Capitol Rioter Who Joined White Supremacist Prison Gang Sentenced to Time Served

A man convicted of attempted murder who joined a white supremacist prison gang and then later took part in the Trumpian attempt to overthrow the government was allowed on Monday to plead guilty to a misdemeanor charge related to the January 6th riot in the U.S. Capitol.

Michael Curzio, 35, was sentenced to six months in jail with credit for time served on all but two days of that sentence. The Florida man was arrested after refusing Capitol Police orders to leave the building during the riot and was taken into federal custody on January 14th. He was formally charged on January 15th with four misdemeanor counts: Entering a restricted building; disorderly and disruptive conduct in a restricted building; violent entry in the Capitol Building; and parading or demonstrating in the Capitol Building. He will be released from jail on Wednesday because due to his prior criminal record, he’s remained in lockup since his initial arrest.
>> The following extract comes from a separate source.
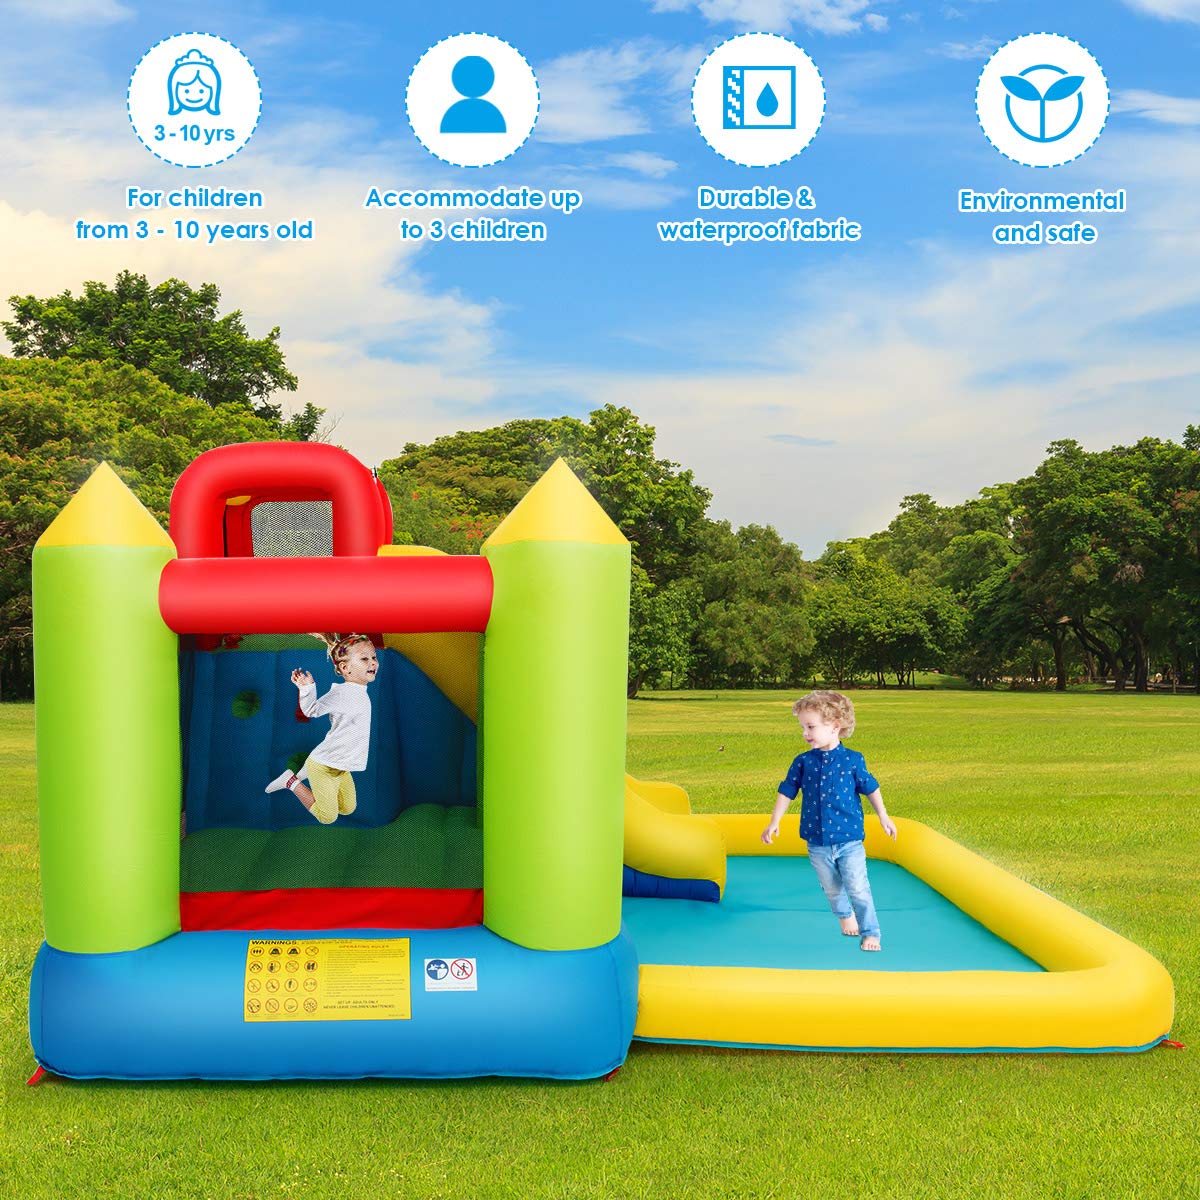 Costzon Inflatable Water Slide, Water Bounce House Combo for Kids Outdoor Fun with Large Jumping Area, Climbing Wall, Splash Pool, Blow up Waterslides Park Inflatable for Kids Backyard Party Gifts without blower

WASHINGTON, DC – JANUARY 06: A pro-Trump mob enter the Capitol Building after breaking into it on January 6, 2021, in Washington, DC. A pro-Trump mob stormed the Capitol, breaking windows and clashing with police officers. Trump supporters gathered in the nation’s capital today to protest the ratification of President-elect Joe Biden’s Electoral College victory over President Trump in the 2020 election. (Photo by Jon Cherry/Getty Images)
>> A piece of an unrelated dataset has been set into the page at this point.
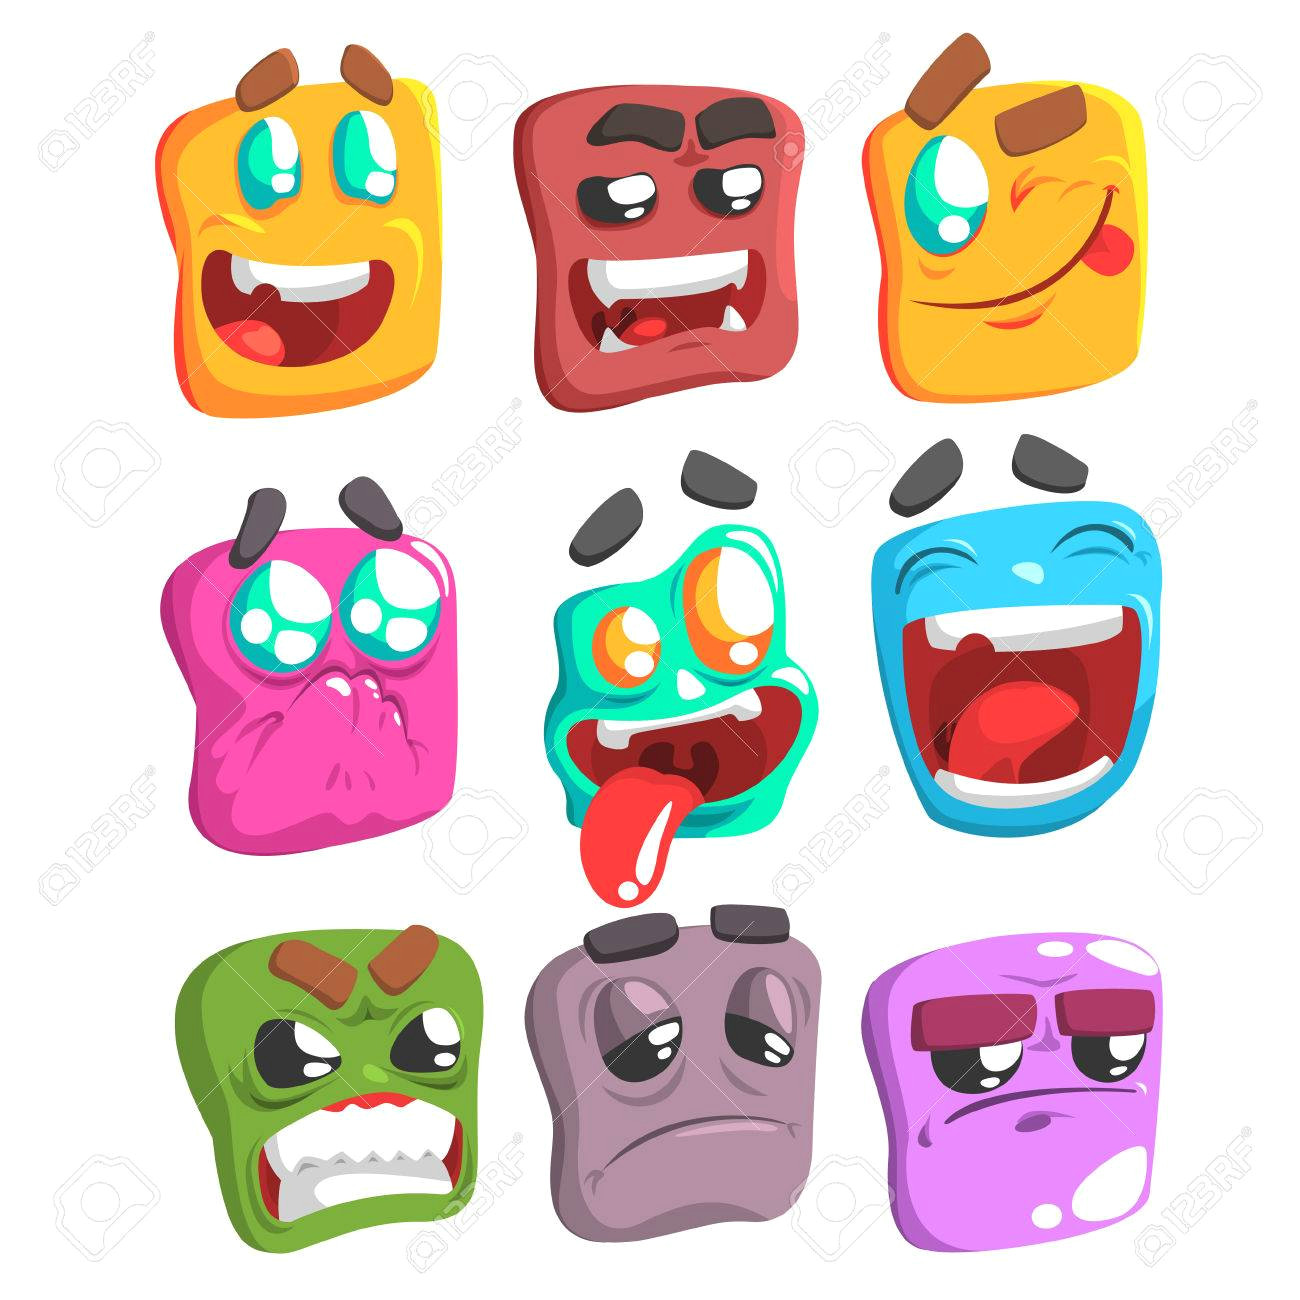 Drawings Easy Emoji Square Face Colorful Emoji Set Od isolated Icons On White Background

Curzio and a second defendant, Thomas Gallagher, had agreed to plead guilty to one count of parading, demonstrating, or picketing in a Capitol building. That crime carries a maximum sentence of six months in prison, and since he had already been in custody for nearly the full sentence, Judge Carl Nichols ordered for him to be released on Wednesday.



During an appearance in court on Monday, Curzio admitted to the misdemeanor. “I did parade, demonstrate, picket. You have that on video. I’m not going to deny it. I accept responsibility for my actions, and I want to thank you for being fair,” Curzio said to the judge.